Согласитесь, читатель, что, хотя никому из нас никогда не снился именно такой кошмар, мы безоговорочно верим в его достоверность. Происходит это, скорее всего, потому, что в тексте Пелевина и, в частности, в этом описании заложены важнейшие элементы «магической формулы» кошмара, его секреты, скрытые покровом ночи. Взять хотя бы то, как полноценный кошмар соткался из счастливого сна — исполнения желаний. В тот момент, когда герой, как и читатель, ожидает катарсиса, счастливой развязки, когда он, наконец, падает в УРАЛ — Условную Реку Абсолютной Любви, — светлая греза сменяется безобразным кошмаром.
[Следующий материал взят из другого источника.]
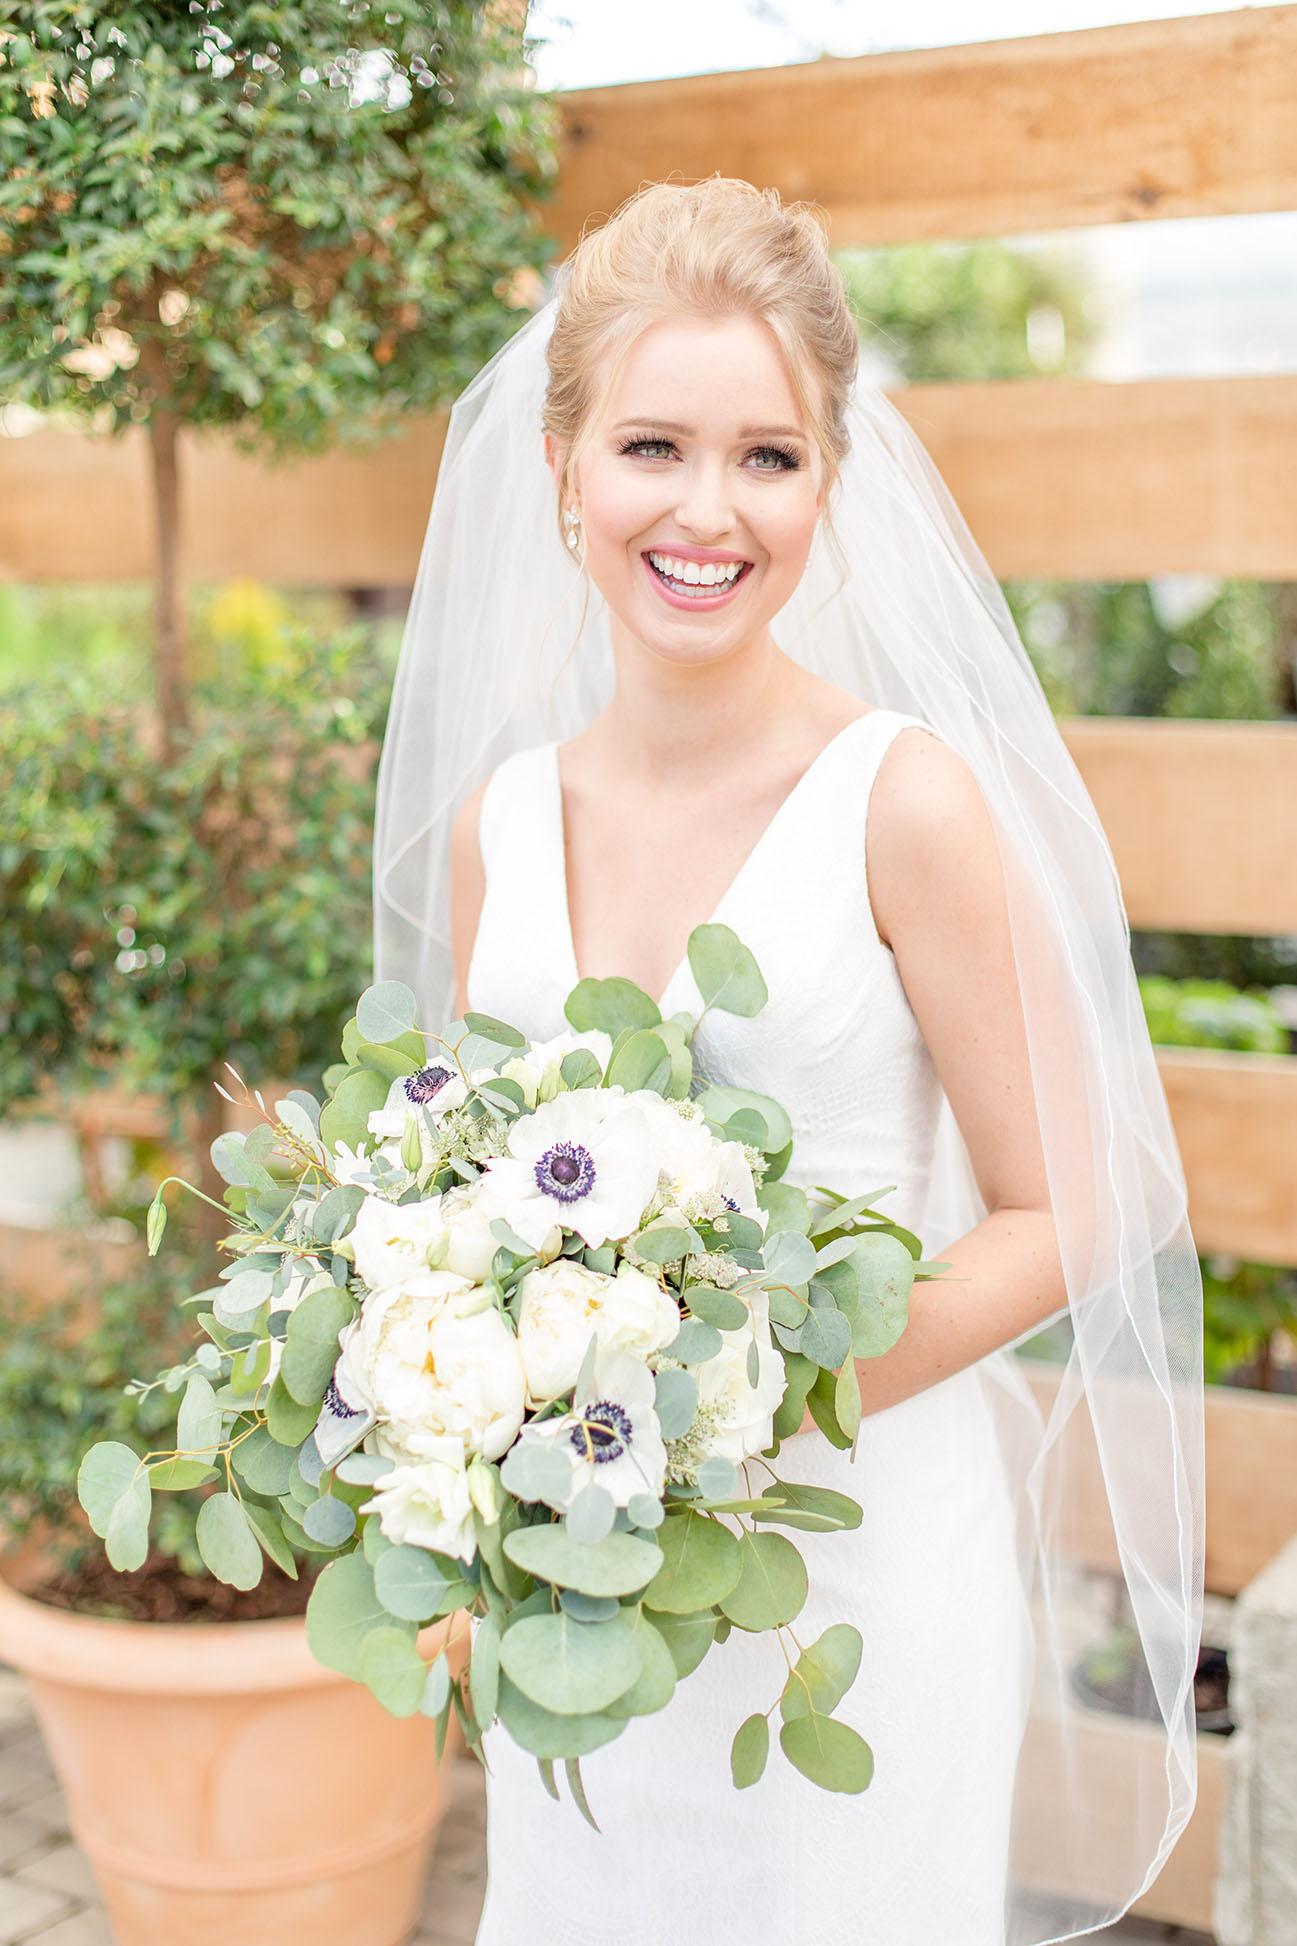 Caroline Holding Simple White Bouquet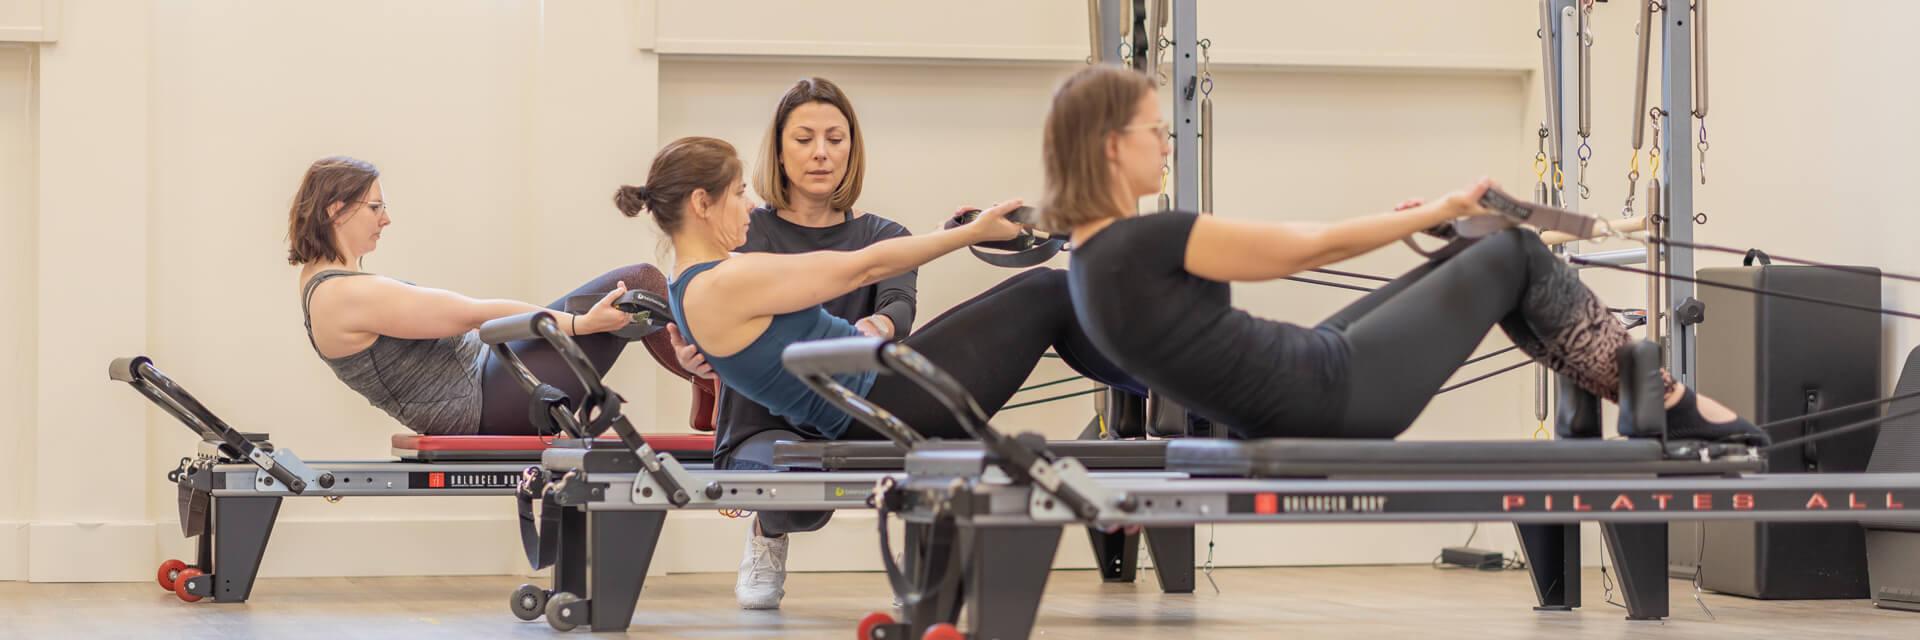 Inna-Gulak-inna-Gulak-Pilates-Pilates-venlo-Pilates-groepslessen-Personal-Training-Pilates-Reformer-Pilates-Mat-02

Как многим из нас, подобно многим литературным героям, доводилось переживать такое потрясение!
Почему это происходит? Что творится в нашем сознании, в сознании спящего, когда счастливый сон превращается в кошмар? Почему и в грезах Петьки, и в наших собственных снах грезы так часто оборачиваются кошмаром? Где пролегает та роковая грань, за которой гармония сменяется ужасом?
«Плохие новости» приходят в тот момент, когда в сознании сновидца возникает точка, приковывающая его внимание, — начало потока, к которому он безрассудно устремляется. Пристальное всматривание, вглядывание в пустоту предваряет галлюцинации, болезненные видения, что хорошо известно и писателям, и даже некоторым психологам. Случайно ли Поприщин, а позднее его литературные потомки господин Голядкин и Иван Карамазов, а также их дальний родственник Иванушка Бездомный, как, собственно, и многие другие герои, постоянно щурятся, вглядываются, всматриваются в пустоту прежде, чем увидеть черта или монстра?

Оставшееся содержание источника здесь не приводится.